What is being asked
What you return must match, exactly, the lines running from the one containing "iPhones 30-35% off" to the end of the data, both included, and must contain no pictures.

Given information
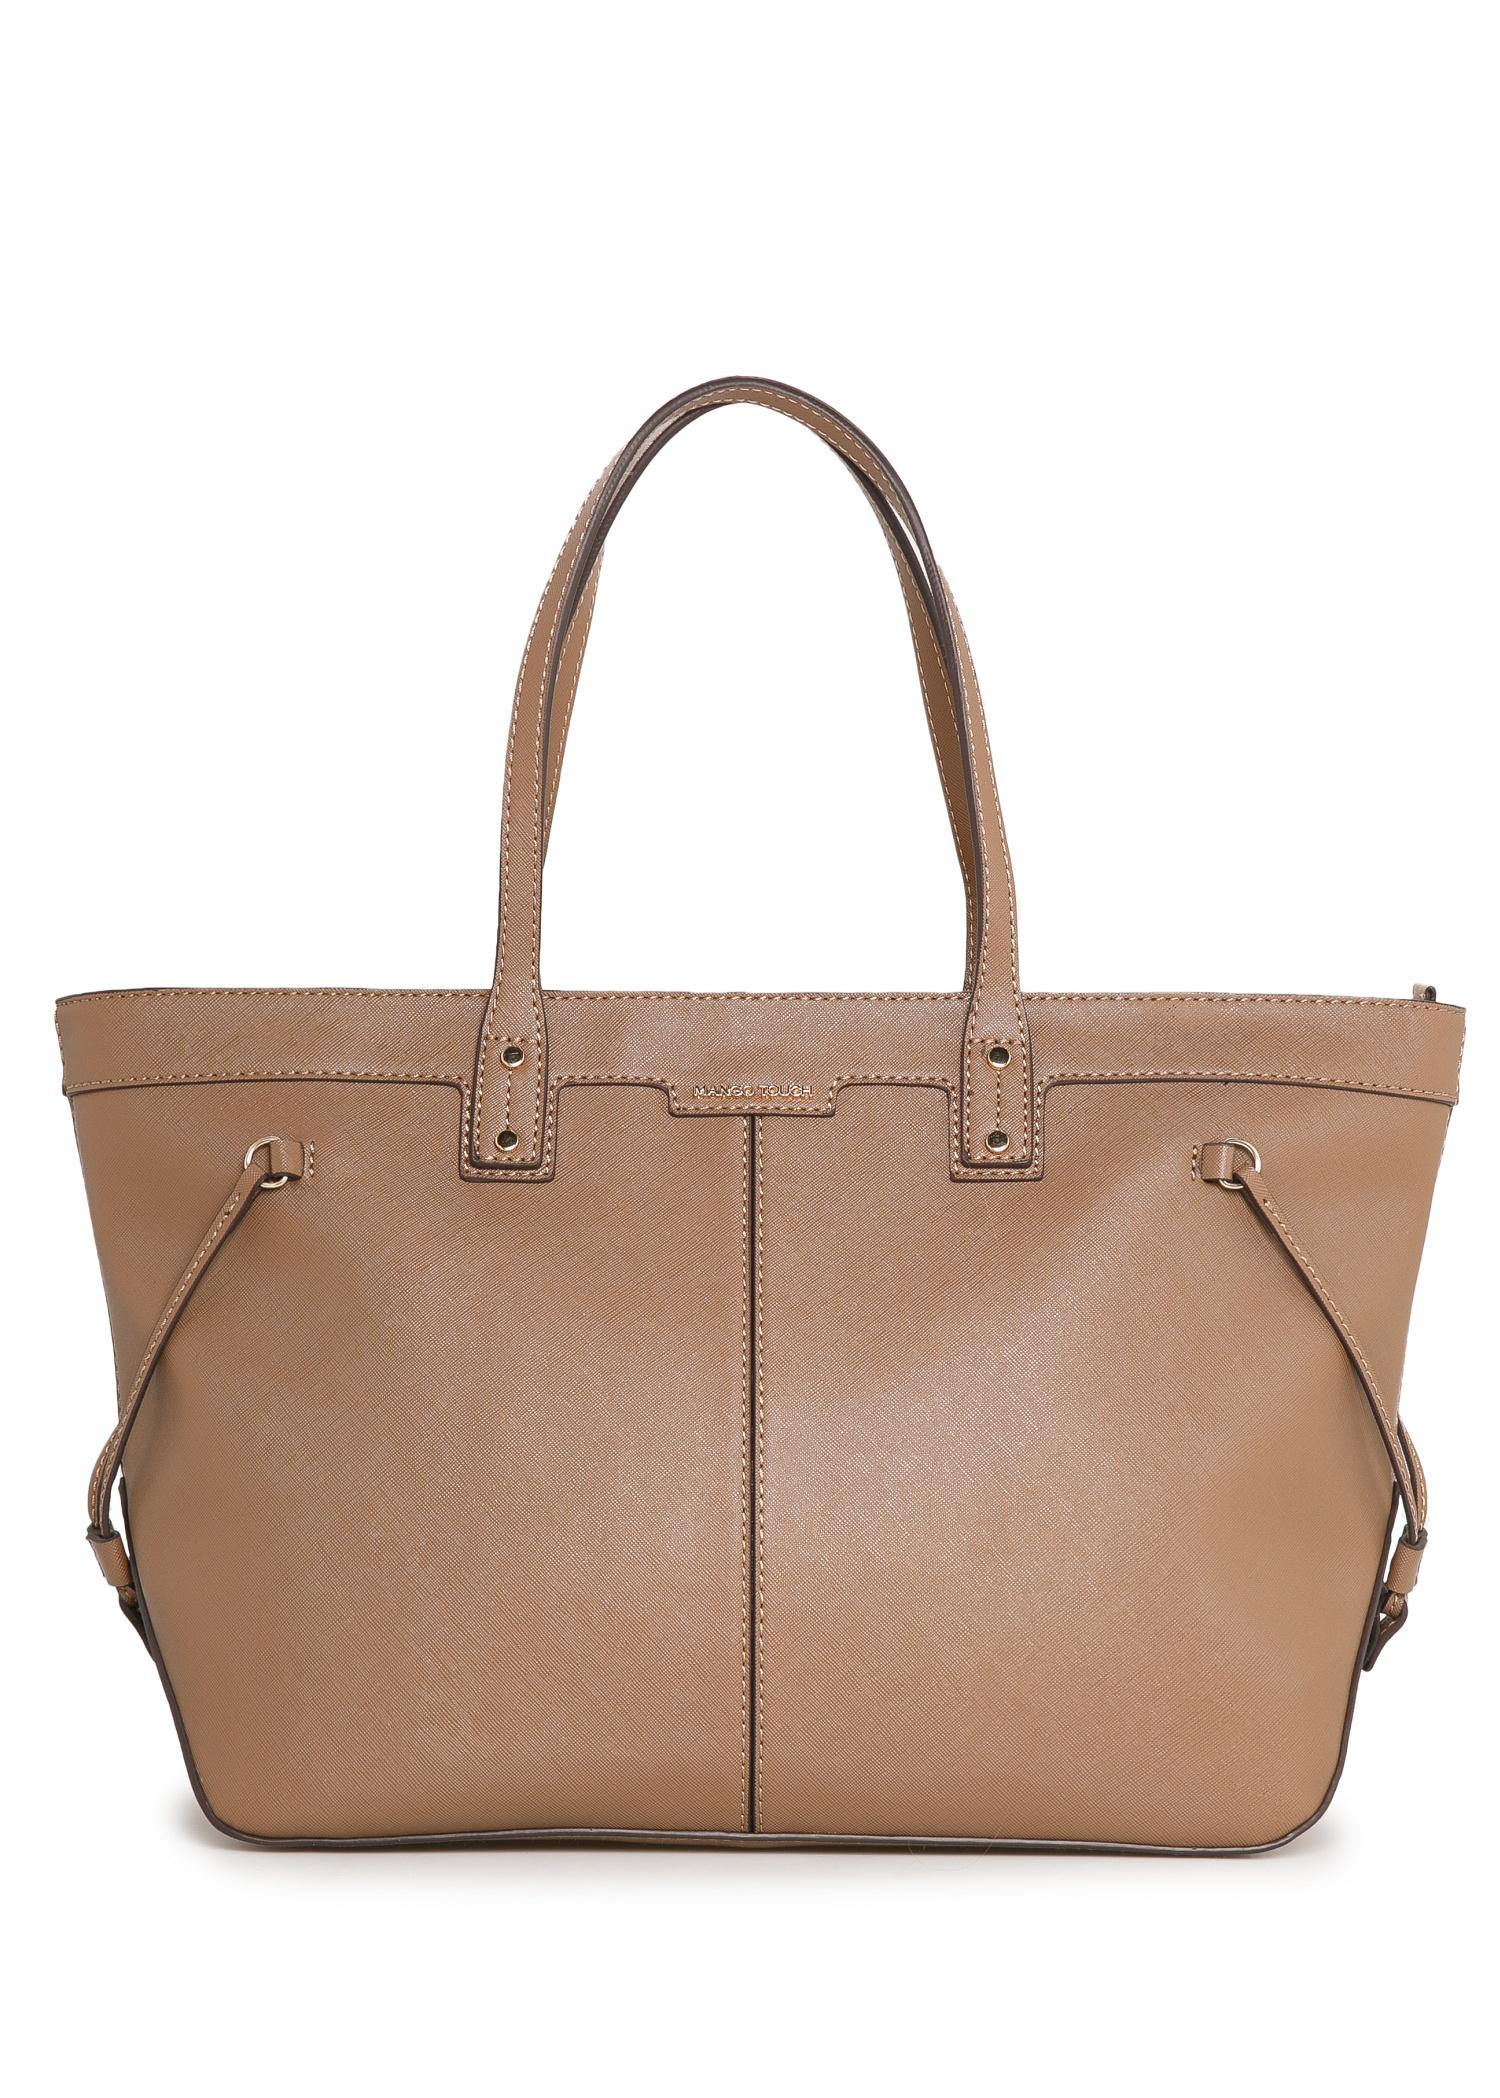 Amazing Mango Cosmetic Bag Shopper Bag In Brown  Lyst
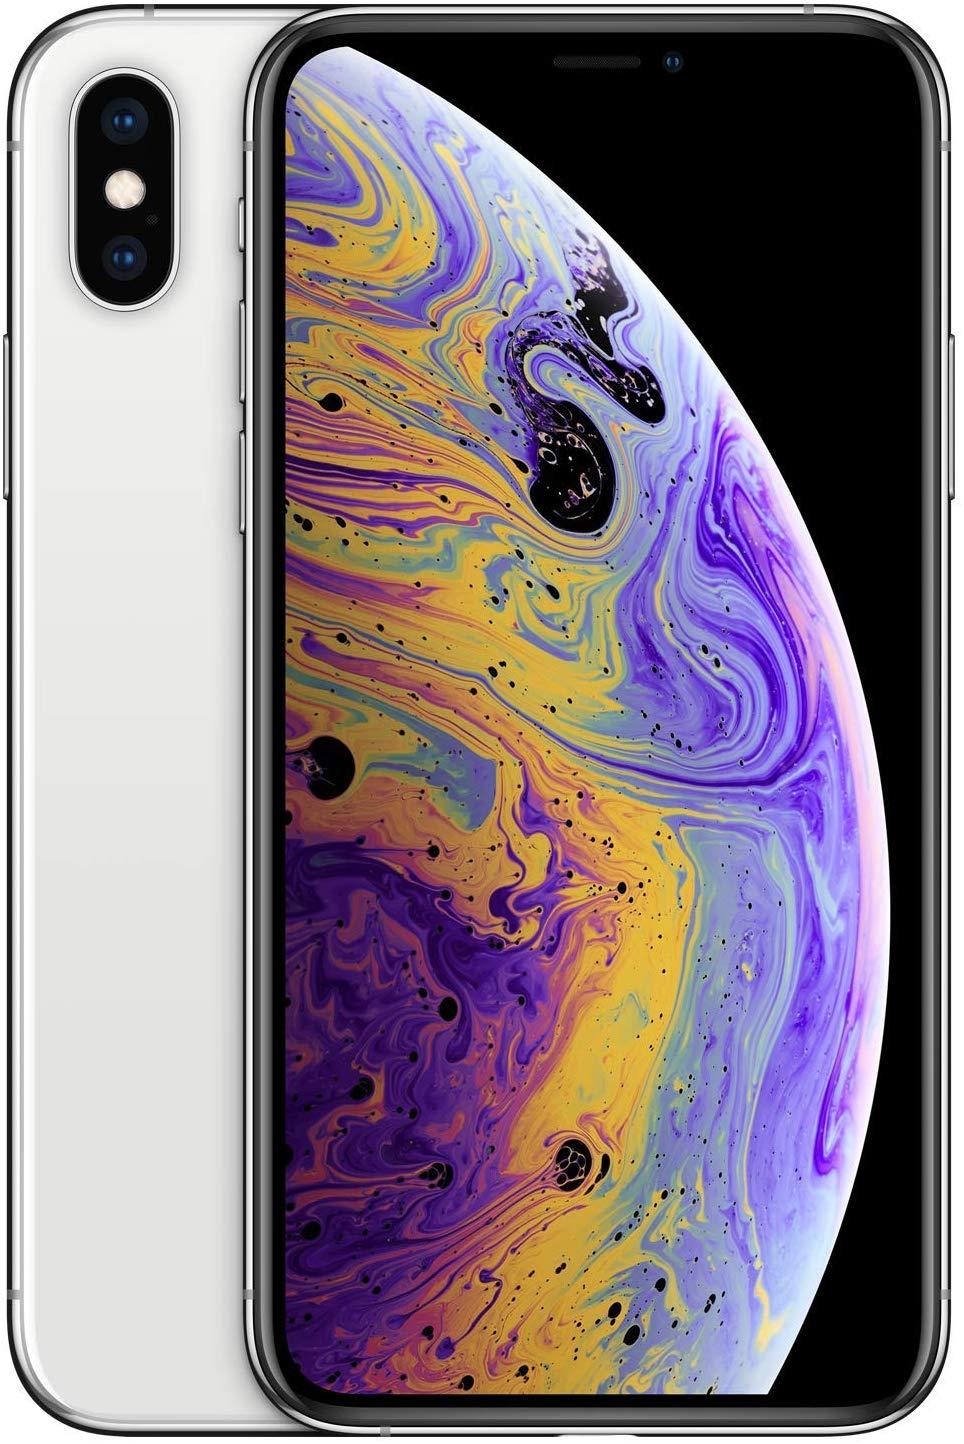 iPhones 30-35% off at Amazon (7,8+,Xs & xs max)- Apple iPhone XS (64GB) £629
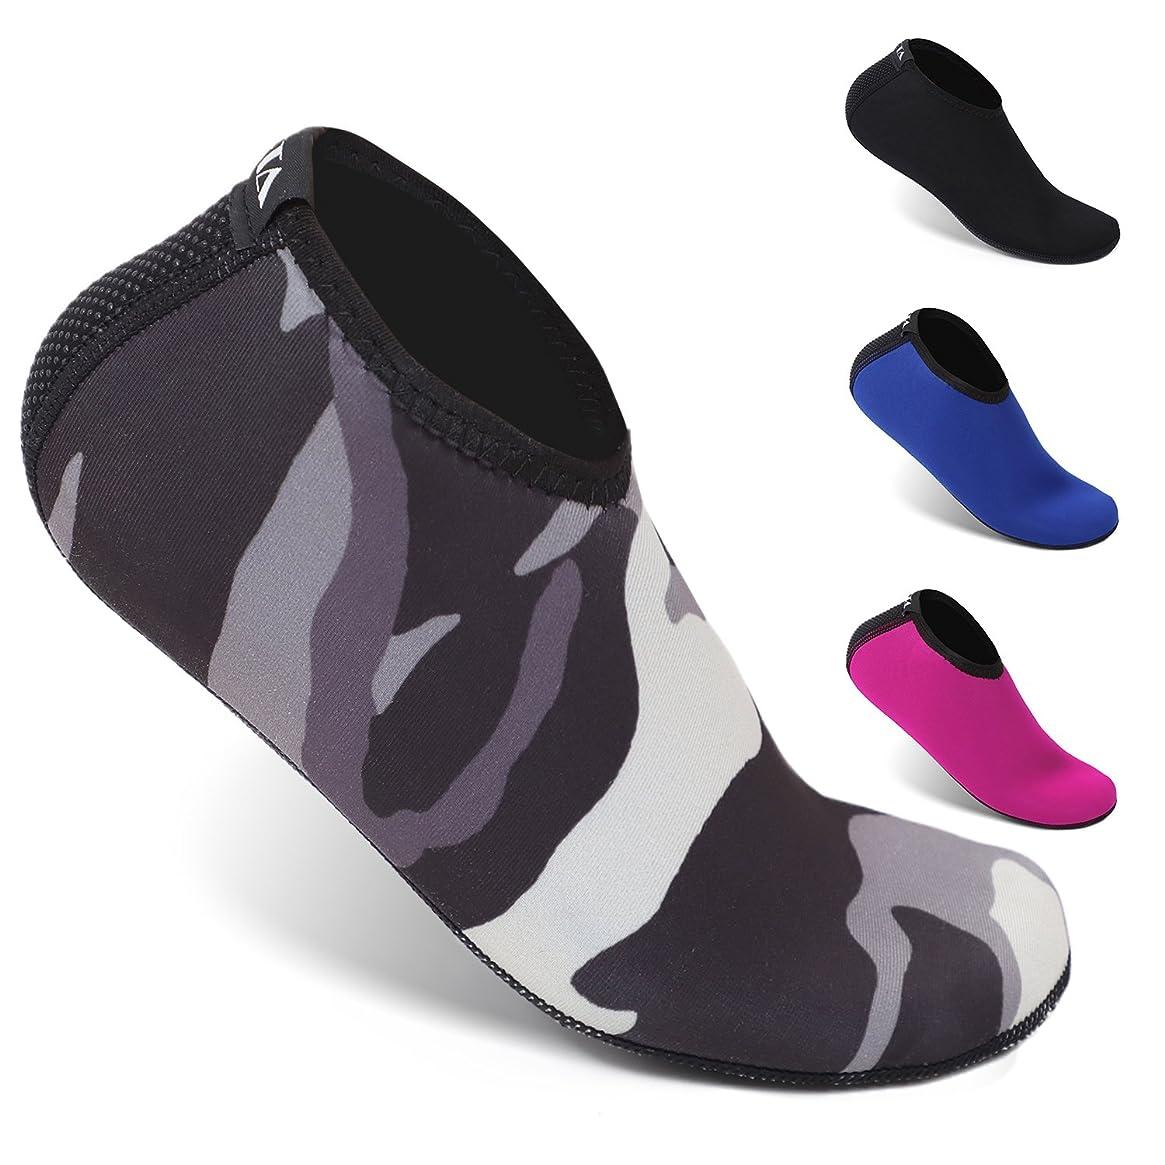 HEETA Neoprene Water Socks for Women Men Professional Water Shoes Quick Dry Aqua Socks for Diving, Snorkeling, Swimming

Task result
 iPhones 30-35% off at Amazon (7,8+,Xs & xs max)- Apple iPhone XS (64GB) £629
 HEETA Neoprene Water Socks for Women Men Professional Water Shoes Quick Dry Aqua Socks for Diving, Snorkeling, Swimming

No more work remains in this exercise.